◆ EXERCISE DIRECTIONS
Here is the task for the listing below: output exactly the lines from the one containing "gimnasio de primera" through the one containing "Indexbild 26 - Fruit", and leave out the pictures.

◆ TASK INPUT
══════

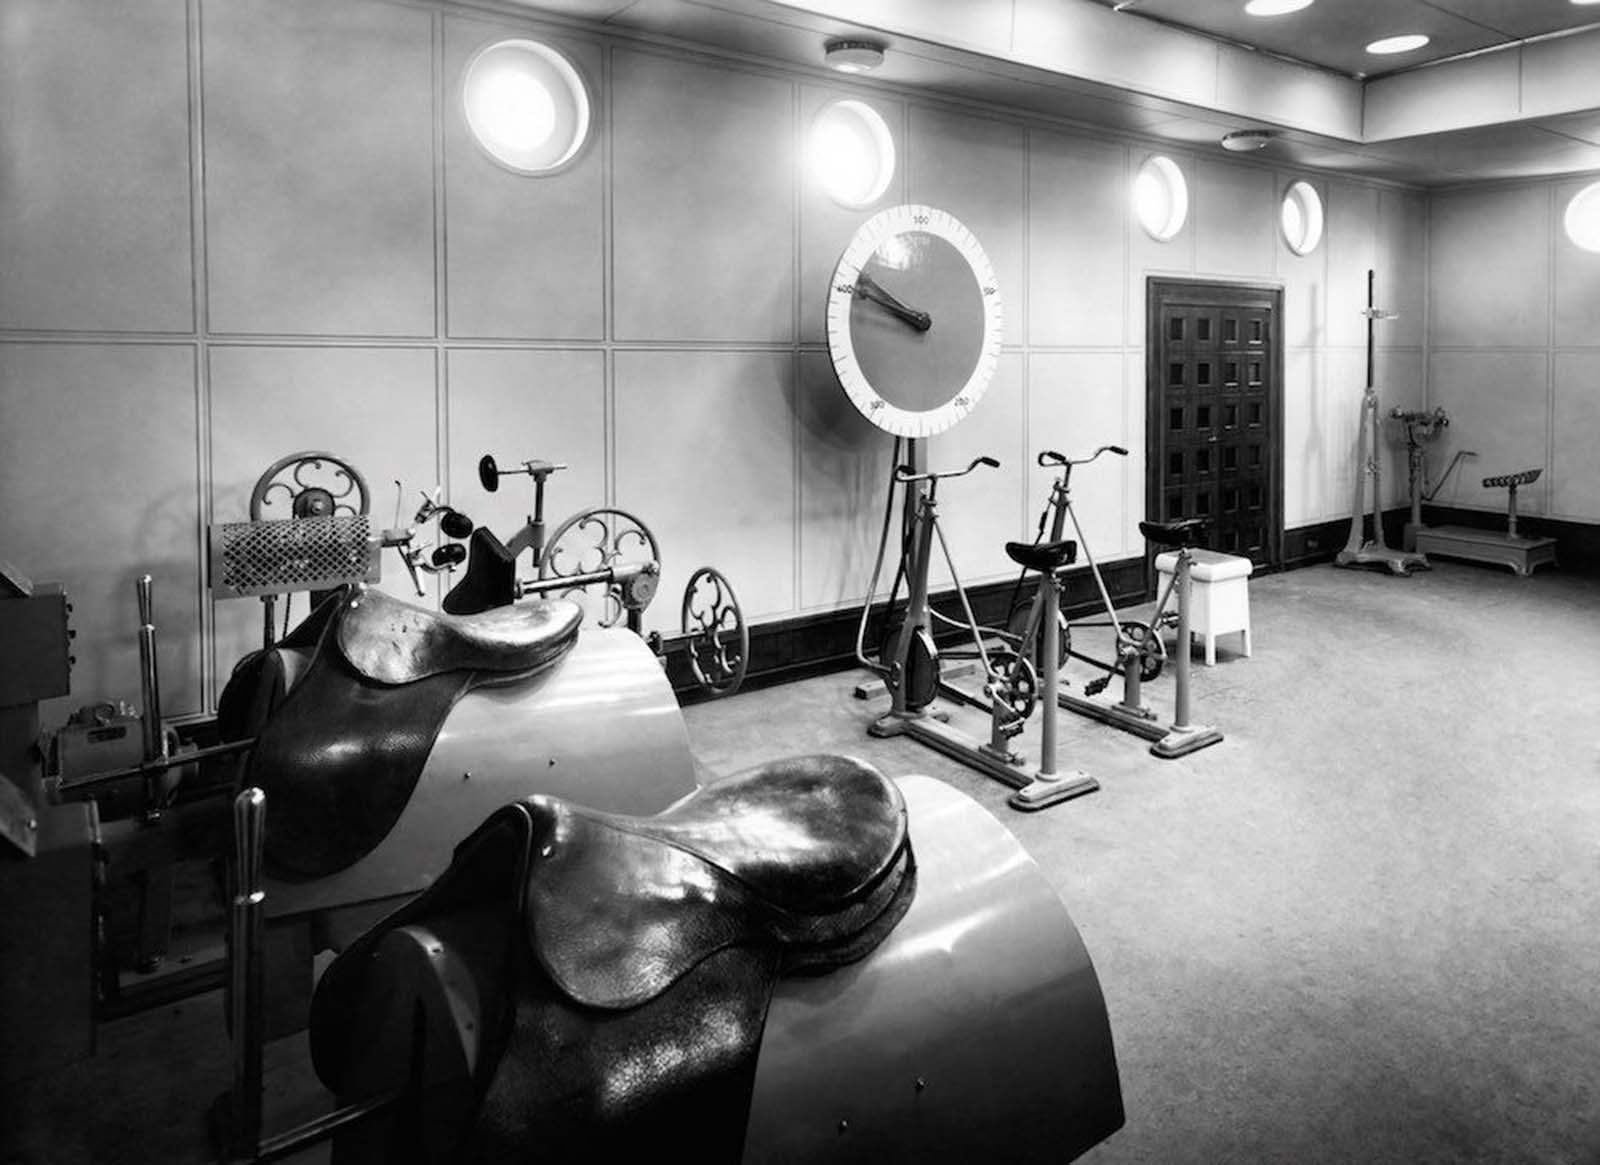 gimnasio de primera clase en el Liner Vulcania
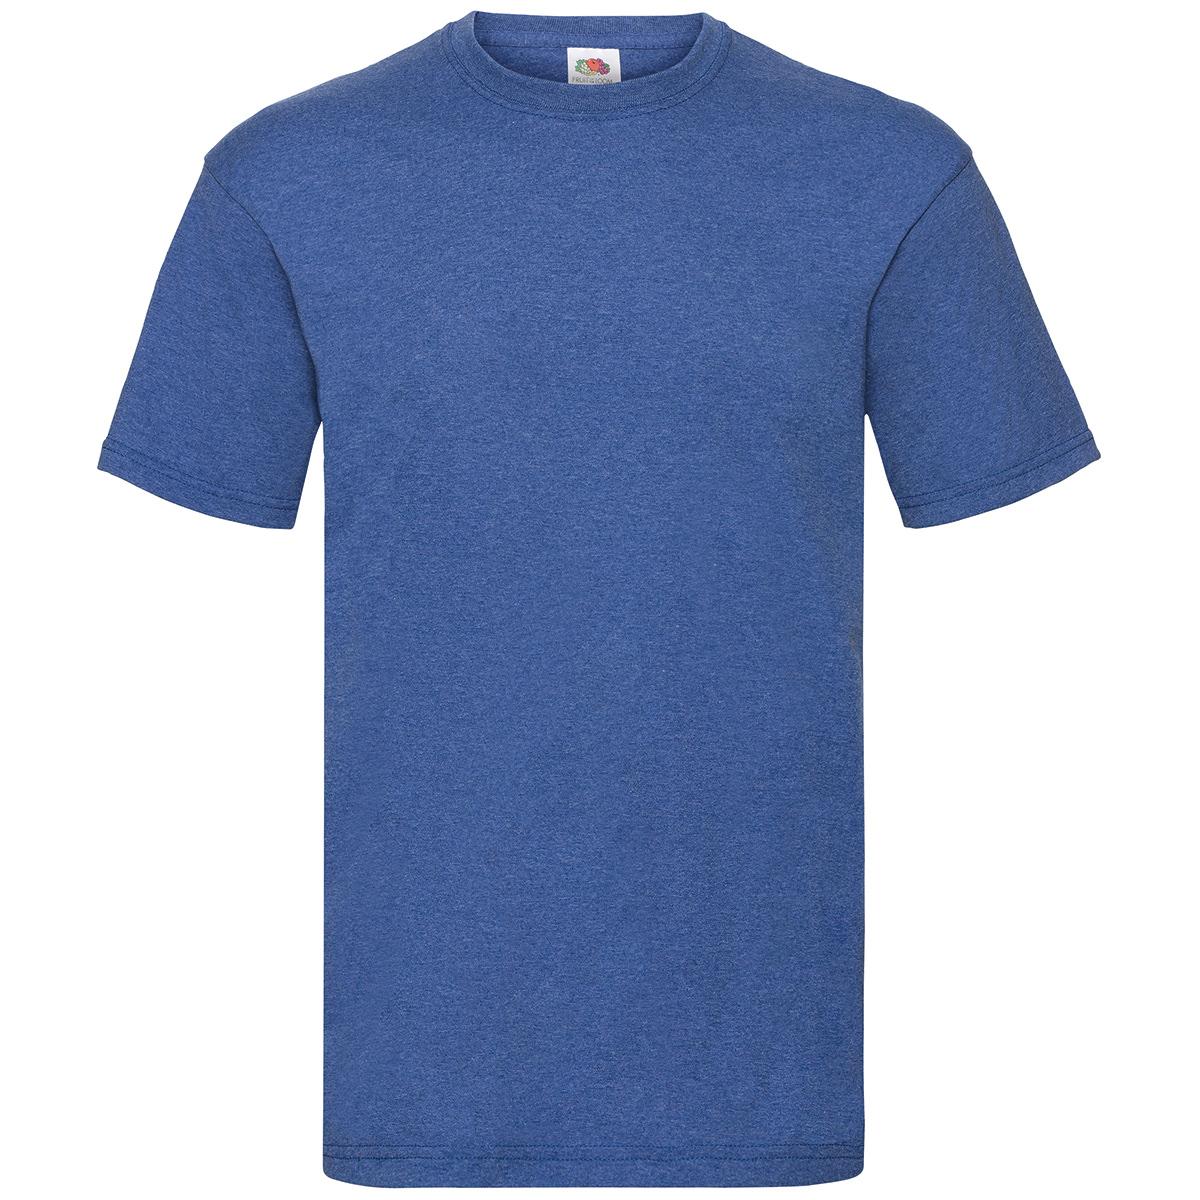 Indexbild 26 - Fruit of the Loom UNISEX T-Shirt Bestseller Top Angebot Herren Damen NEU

══════

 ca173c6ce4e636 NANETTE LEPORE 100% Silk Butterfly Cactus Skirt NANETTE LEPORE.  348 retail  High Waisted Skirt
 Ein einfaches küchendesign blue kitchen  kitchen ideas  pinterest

══════

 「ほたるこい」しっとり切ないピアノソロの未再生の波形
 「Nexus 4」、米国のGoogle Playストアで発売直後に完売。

══════

◆ RESULT FOR THIS TASK
 gimnasio de primera clase en el Liner Vulcania
 Indexbild 26 - Fruit of the Loom UNISEX T-Shirt Bestseller Top Angebot Herren Damen NEU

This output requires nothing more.